Last week I received a letter, personal and handwritten. I read it three times, not just for the kind sentiments expressed there but also for the warmth of personality in the handwriting, two hands, his and hers. It is so rare these days to receive such a letter that I enjoyed the palpable sense of contact it brought. Meanwhile, I’m reading Delphine (1802) by Madame de Staël, a novel narrated in an exchange of letters, chiefly between two women, about money and men, in that order.
That coincidence raised the question, whither the epistolary novel in the age of electronic communication? Don’t get me wrong: as you can see, I’m a big fan of contemporary technology, and I thoroughly enjoyed Matt Beaumont’s novel E. written as an exchange of emails. But letters have a tangible duration that email, text and tweet/X messages lack.
Library shelves are filled with volumes of writers’ letters, The Letters of Seamus Heaney, edited by Christopher Reid, being one of the latest additions to the collection. Maybe also one of the last. In their youth Heaney and his poet friends liked to exchange poem-letters and one, Derek Mahon, published a long poem entitled The Hudson Letter (1994), written during a stay in New York. We are fortunate to have these living testaments to the lives of the poets. Email is a more ephemeral exchange and unlikely to be preserved.
Lost letters were a popular trope in nineteenth century fiction. Think how different Tess of the D’Urberville’s life would have been had she received Angel Clare’s letter in Hardy’s novel. In those days, in the cities at least, letters were delivered four times a day, making them almost as speedy as our emails. The fictional trope therefore had a basis in real life.

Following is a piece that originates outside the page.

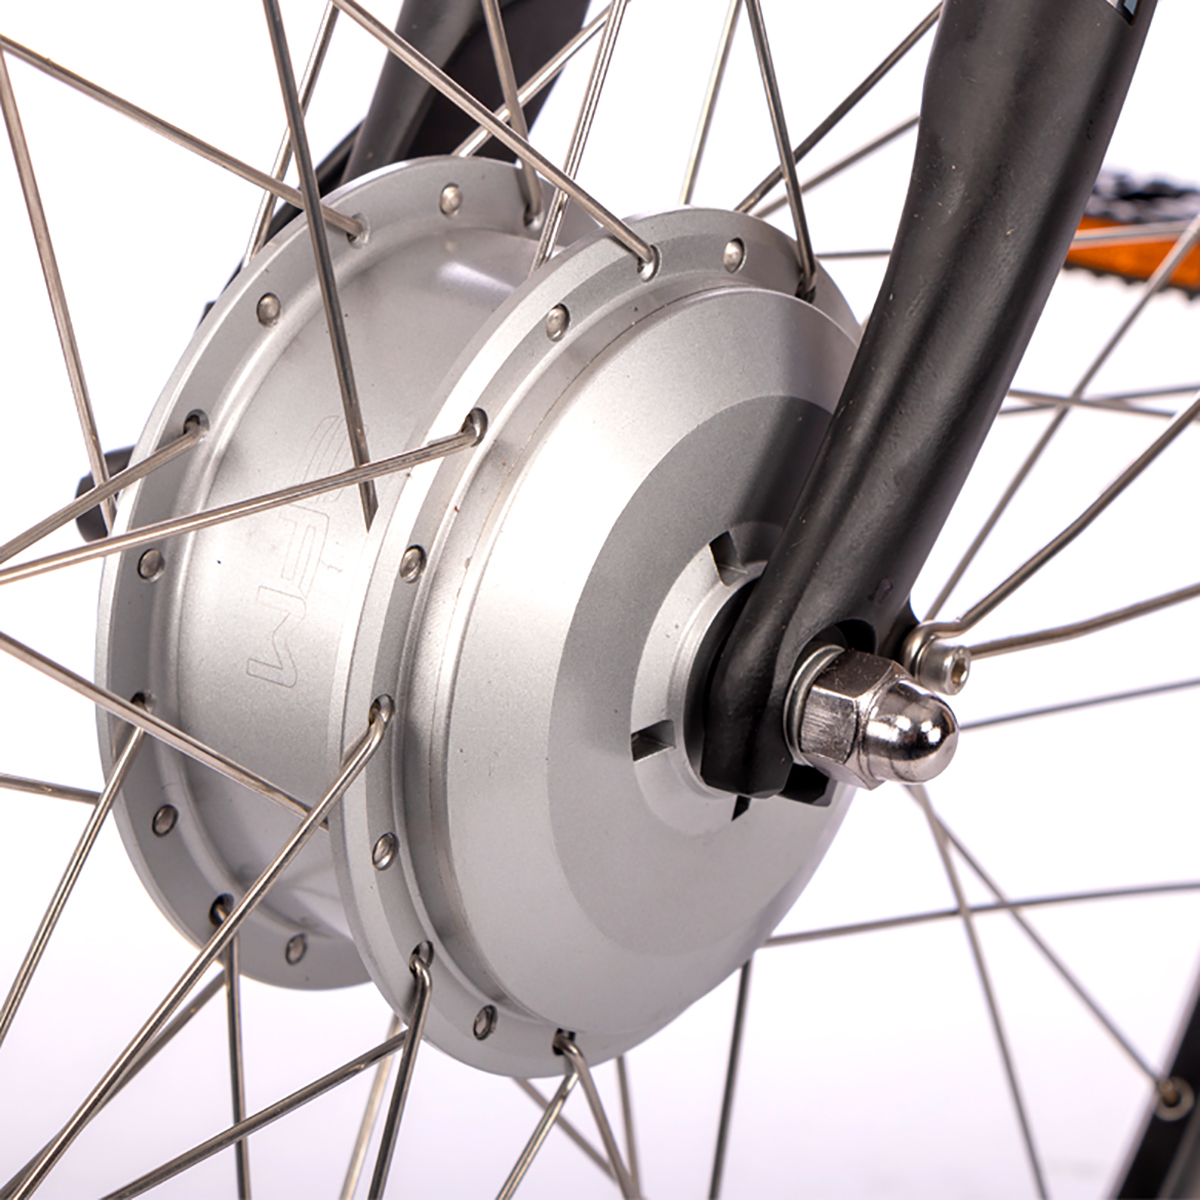 SAXONETTE Advanced Plus (Laufradgröße: Wh, 375 Zoll, Rahmenhöhe: 28 Citybike Silber) 50 Damen-Rad, cm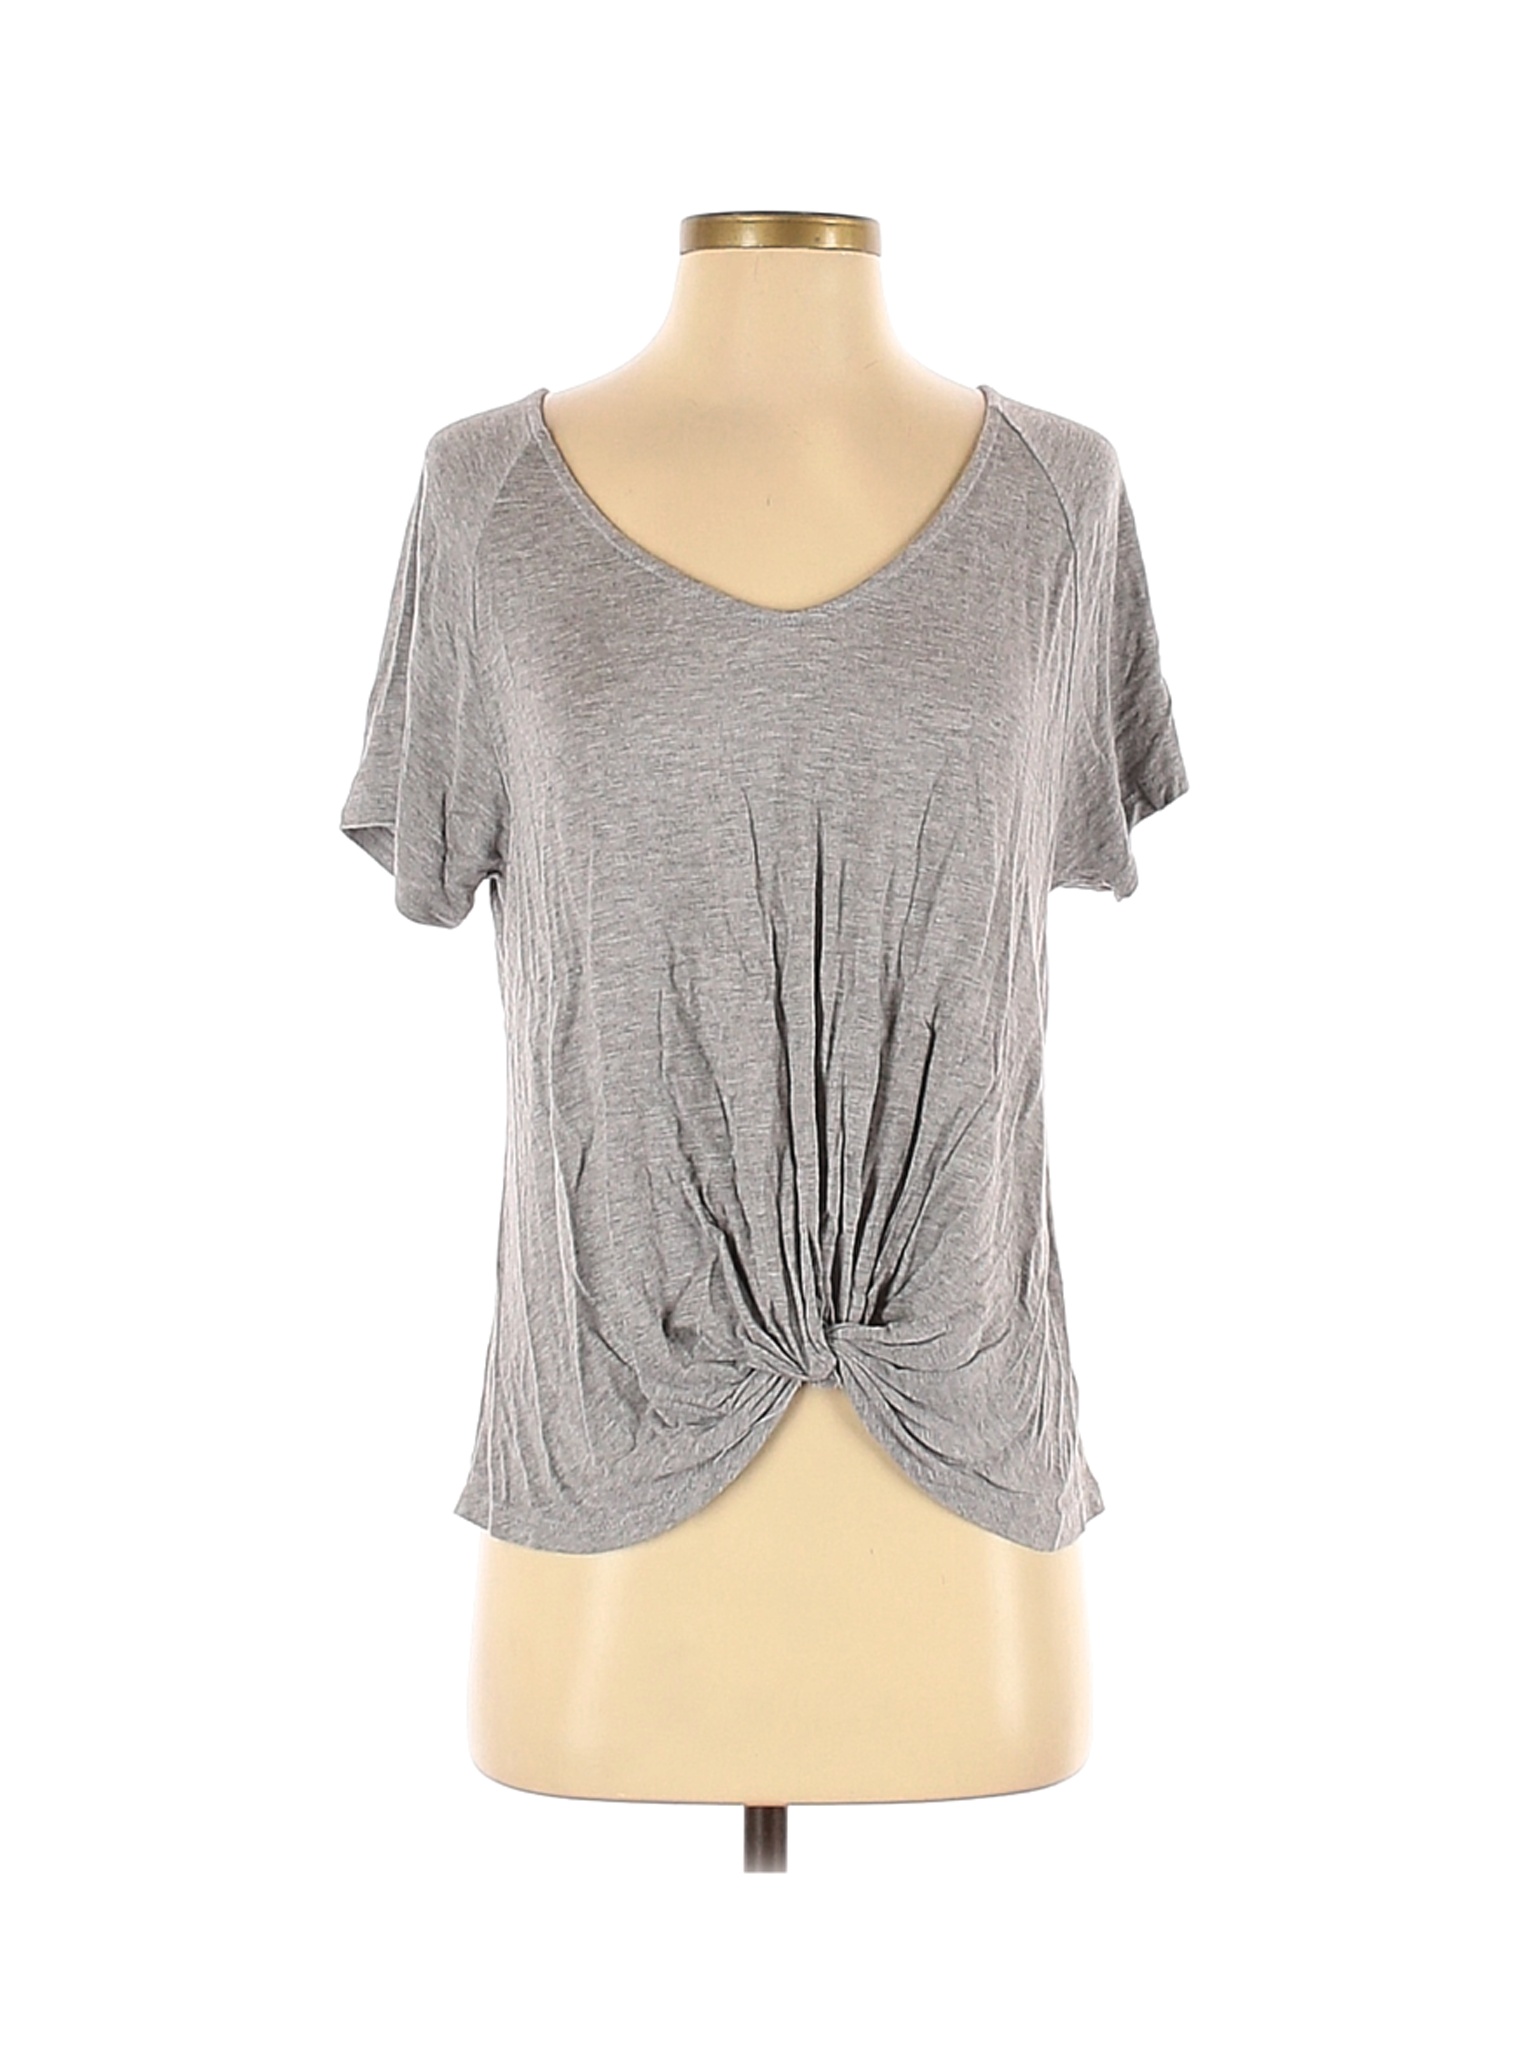 Wasabi + mint Women Gray Short Sleeve T-Shirt S | eBay

Today we can read heart-breaking letters from Wordsworth’s French lover and the mother of his first child, Annete Vallon, which were found in a police sub-station in France 125 years after being written. They had never reached the poet in England because the two countries were at war. The love letters between him and his wife, Mary Hutchinson, were found in 1977 in a heap of scrap paper. Part of their interest is that Mary, having kept the letters, years later annotated the one informing her of her four-year old daughter Dora’s death. She was appalled to realise that this had happened while she had been away enjoying herself. Thus the letters acquire another layer of meaning as touchstones of memory and conscience.
Although there are overlaps between a letter and an email, each remains quite distinct from the other. Like a journal, the letter can be intimate but where the journal is (usually) intended only for the writer’s eyes, the letter is tailored to the recipient. The email can be intimate and tailored to the recipient but we all know that it can be read by many eyes and information pulled from it to build an algorithmic profile of our likes and dislikes for marketing and other purposes.
Add to this the fact that the software often supplies words and phrases to save us typing and we resort to acronyms for speedier communication, FYI and BTW, ICMYI, IMHO, BW, among others. This technological jargon and assistance can render an email anodyne or even a tad impersonal. There is also the difference between the mechanical act of typing, or using your thumbs, and the calligraphic pleasure of handwriting. (Whither, too, the graphologists today?)
Like many an Eng Lit undergraduate I was made to suffer through Samuel Richardson’s two volume epistolary novel, Pamela or Virtue Rewarded (1740-1). Perhaps our teacher at the time lacked imagination because nothing of the scandalous subtext was mentioned in class. Instead, the novel was prescribed as some kind of moral chastener, essential to an understanding of the development of the novel form. Much more entertaining was Fanny Burney’s Evelina, (1778) because the letter-writing heroine has a witty take on London society. Classic epistolary novels include Bram Stoker’s Dracula (1897), Johann Wolfgang Goethe’s The Sorrows of Young Werther (1774, 1787) and Shusaku Endo’s very moving novel, Silence (1966):
Today, while writing this letter, I sometimes go out of our hut to look down at the sea, the grave of these two Japanese peasants, who believed our word. The sea only stretches out endlessly, melancholy and dark, while below the grey clouds there is not the shadow of an island.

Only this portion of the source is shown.